The Sentinel was fully behind the battle reporting daily bulletins in its late edition. So intense was the campaign that a play called The Dirty Hill written by theatre director Peter Cheeseman was performed at the New Victoria Theatre to national interest and acclaim. 

“And history records that we won,” concludes Bernard. “Since then Berryhill has grown in strength. What the community achieved has been endorsed by a massive investment of resources none of which would have been possible if the opencast had happened. The leisure facilities are superb and the Berryhill Village complex is internationally renowned.”

 

Berryhill Fields

Just up the road from the high school is the Touchstone ExtraCare residential centre that provides accommodation for 180 elderly tenants. Popular resident 82 year old Elsie Jukes provides the link between then and now.

“I’ve lived in Berryhill for a great part of my life,” explains Elsie as she gives me a conducted tour of the pub, the restaurant, shop, library, gym and other amenities that make this complex appear like a luxury holiday site. “I came to live in the village two years ago from Eaton Park. This is my home now and I’m proud of it and love all my neighbours.”

Elsie’s son Keith Jukes was a prominent campaigner against opencast but sadly died before victory was acheived.

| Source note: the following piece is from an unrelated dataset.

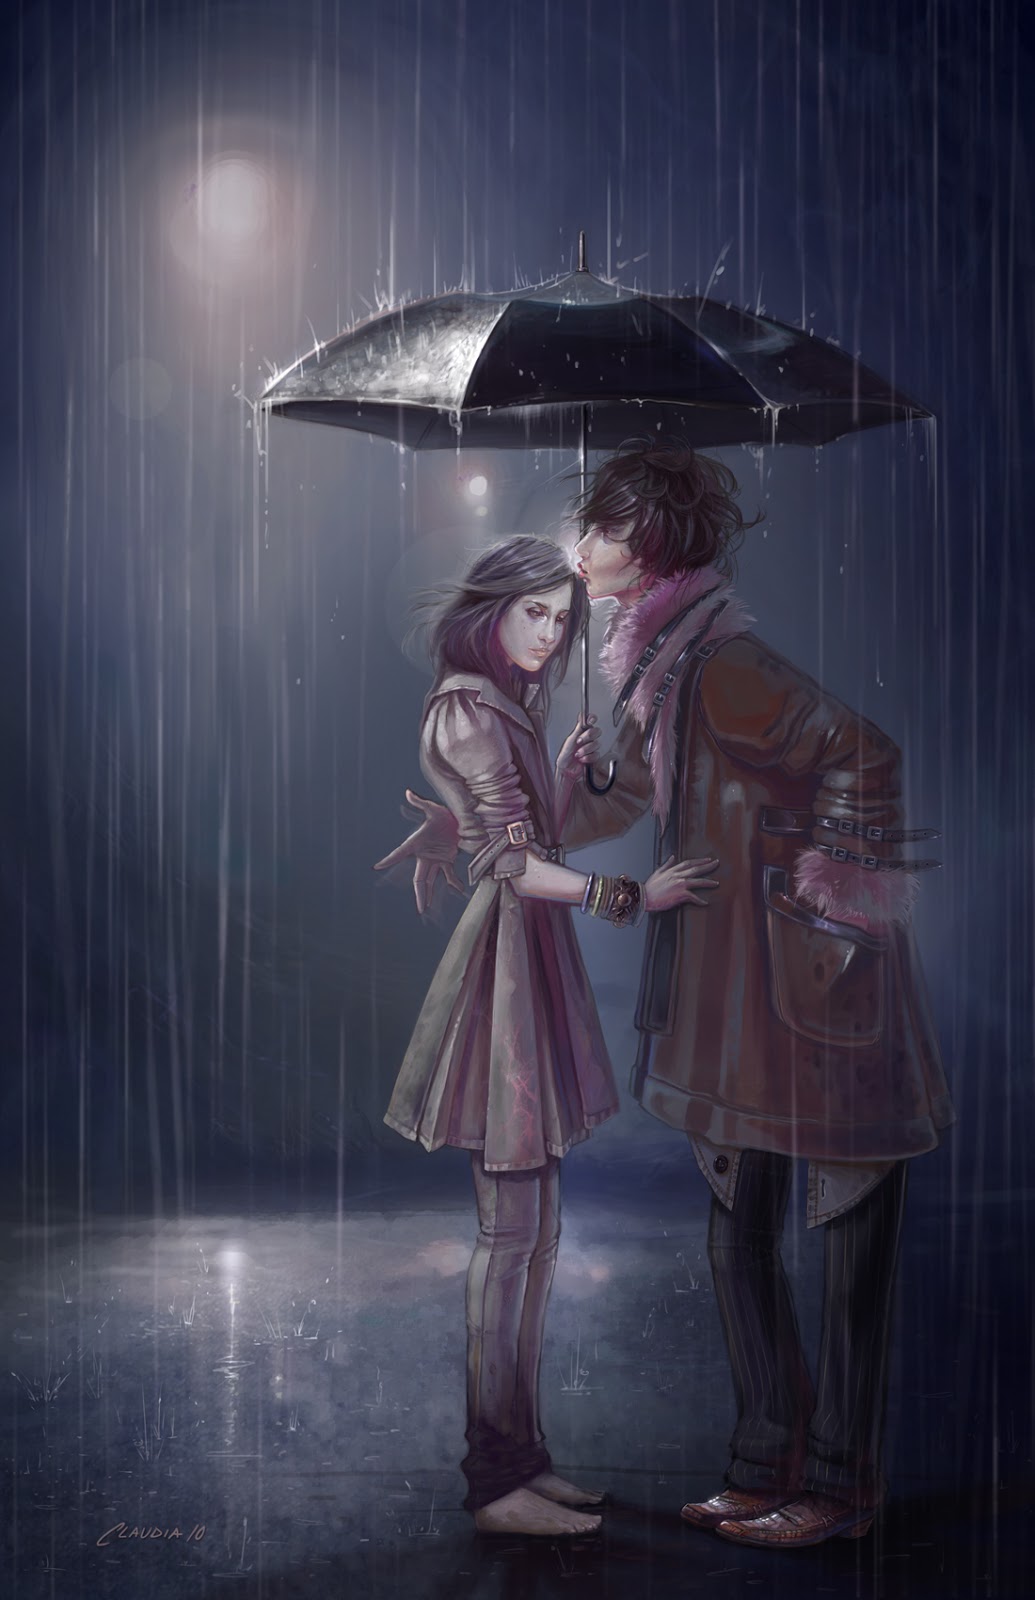 ... Rain_2d_illustration_winter_rain_umbrella_girl_female_woman_picture

“Nevertheless,” says Barry Stockley, “It is to people like Keith that Berryhill owes a great debt of gratitude. Keith campaigned day and night and this complex is a tribute to his endeavours. In all my work as a councillor this is the achievement I am most proud to be associated with.”

Surrounded by flowers and shrubs in the centre of the village courtyard is a plaque to Keith’s memory.

“I’m really proud of what Keith did,” says Elsie. “He showed just what a community could achieve when it works together.”

It’s a message that’s reflected here in Berryhill Village whose inspiring motto says ‘we take for granted that this community will always have the right to choose.’

Fred Hughes




next: Caverswall - visit before the next Ice Age comes
previous: Trentham - Okay so long as the cuckoos keep themselves to themselves

 

also see...


Berryhill Fields - Berryhill fields is the largest area of open space in the city

Sculptures at Berryhill Greenway....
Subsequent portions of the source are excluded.